Pragmatic Metacognitive Prompting Improves LLM Performance on Sarcasm Detection
Joshua Lee, Wyatt Fong, Alexander Le, Sur Shah, Kevin Han, Kevin Zhu
TL;DR
Sarcasm detection in sentiment analysis is difficult due to nonliteral language. The authors introduce Pragmatic Metacognitive Prompting (PMP), combining pragmatic theories with metacognitive prompting to guide LLMs through reasoning about implied meaning and context, followed by reflection to produce a final judgment. Across benchmarks MUStARD and SemEval-2018 Task 3, PMP achieves state-of-the-art performance with GPT-4o and shows competitive results with other models, outperforming several standard prompting methods.
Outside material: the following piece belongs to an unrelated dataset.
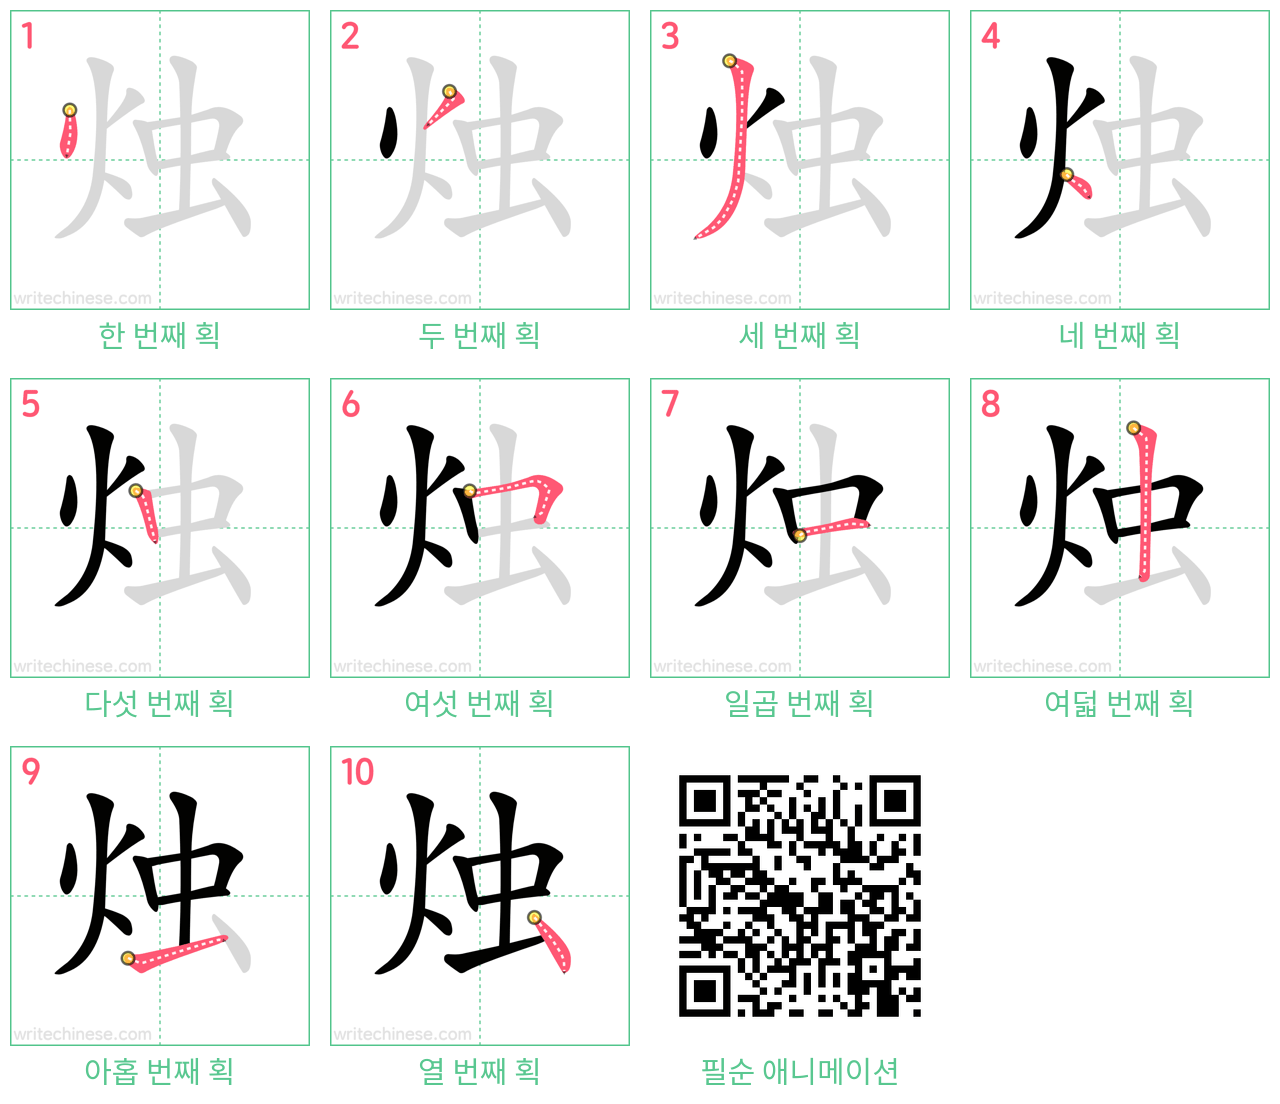 烛 step-by-step stroke order diagrams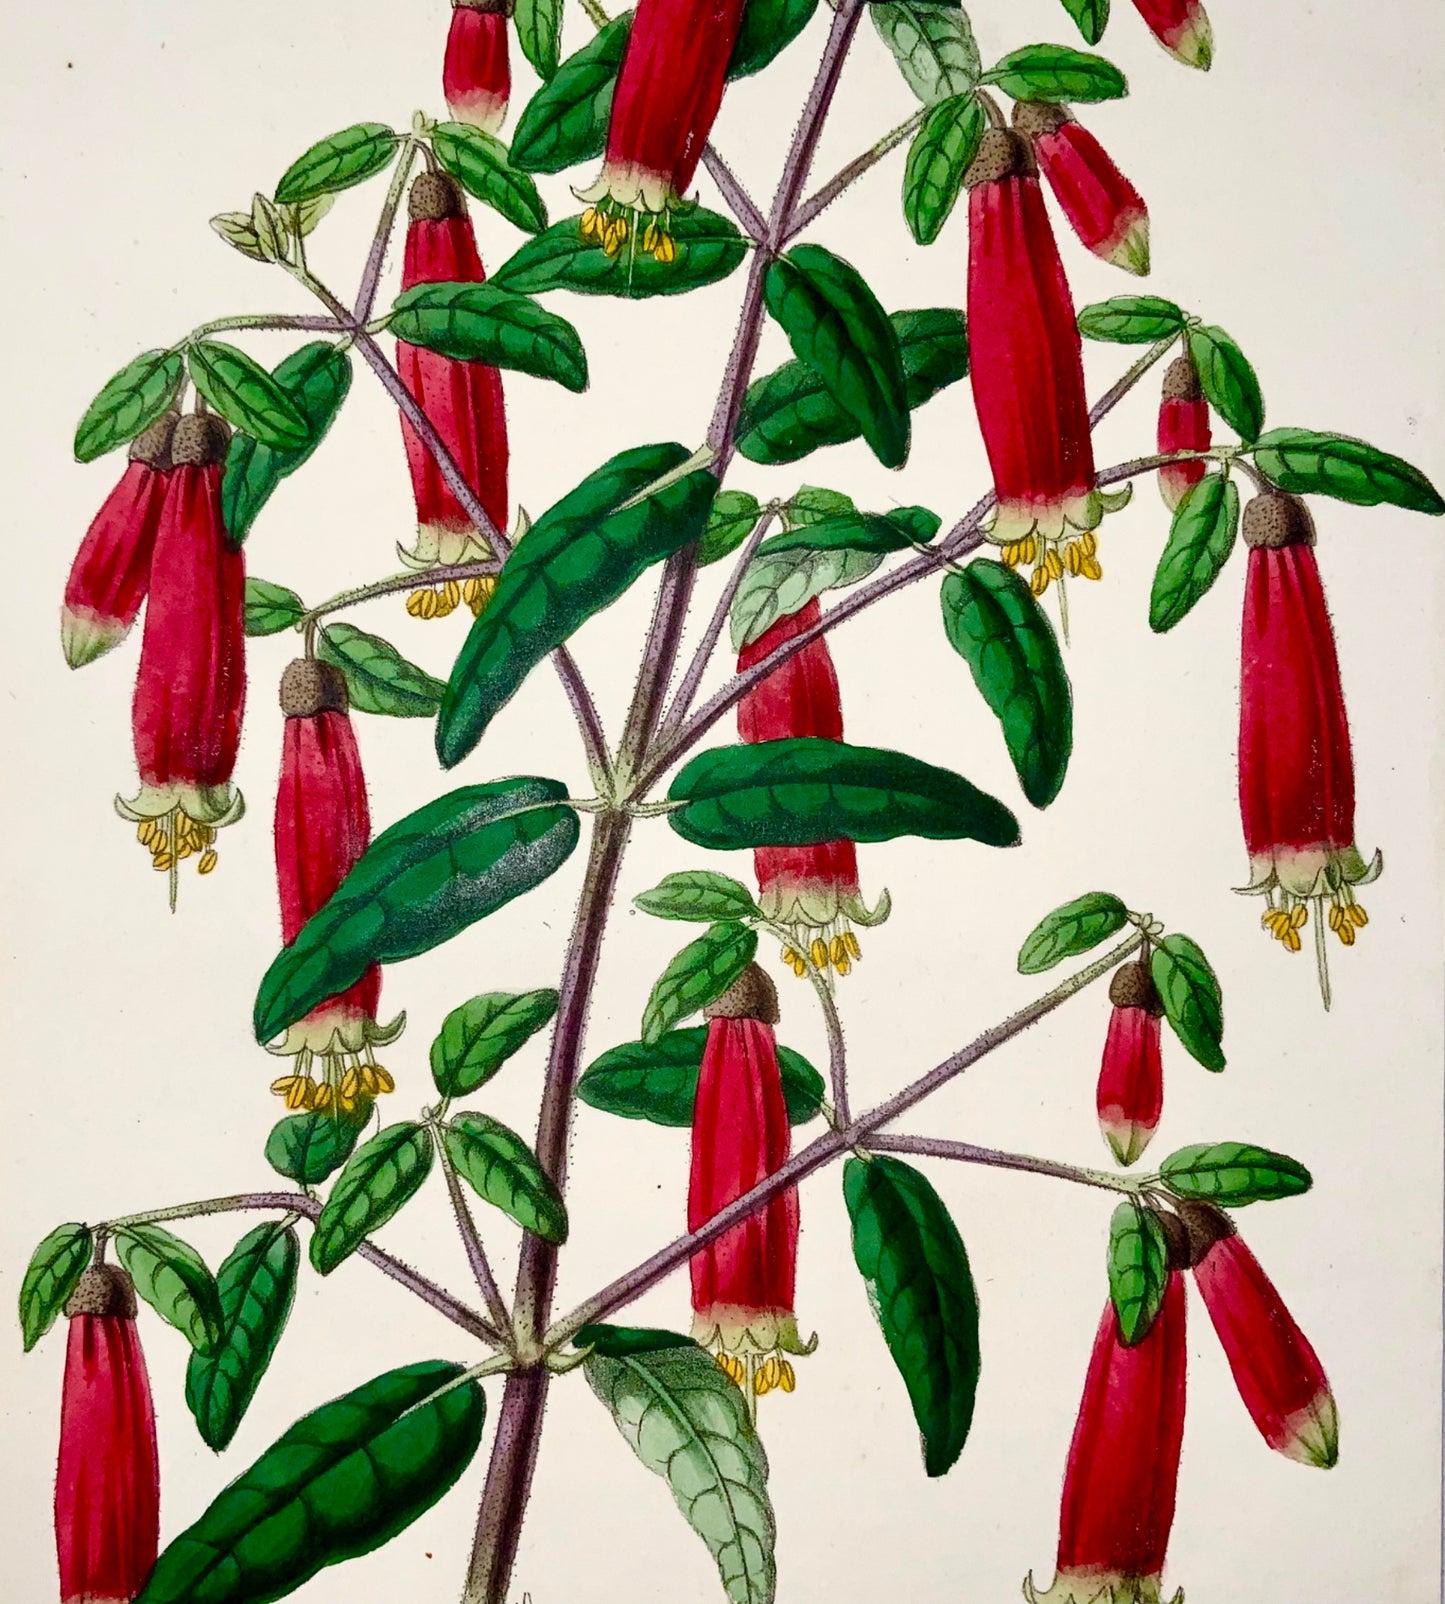 1856 Correa Cardinalis, James Andrews, couleur exquise à la main, botanique

The study demonstrates that integrating linguistic pragmatics and reflective reasoning into prompting can substantially enhance sarcasm detection, suggesting a fruitful direction for future sentiment-analysis research.
Abstract
Sarcasm detection is a significant challenge in sentiment analysis due to the nuanced and context-dependent nature of verbiage. We introduce Pragmatic Metacognitive Prompting (PMP) to improve the performance of Large Language Models (LLMs) in sarcasm detection, which leverages principles from pragmatics and reflection helping LLMs interpret implied meanings, consider contextual cues, and reflect on discrepancies to identify sarcasm. Using state-of-the-art LLMs such as LLaMA-3-8B, GPT-4o, and Claude 3.5 Sonnet, PMP achieves state-of-the-art performance on GPT-4o on MUStARD and SemEval2018. This study demonstrates that integrating pragmatic reasoning and metacognitive strategies into prompting significantly enhances LLMs' ability to detect sarcasm, offering a promising direction for future research in sentiment analysis.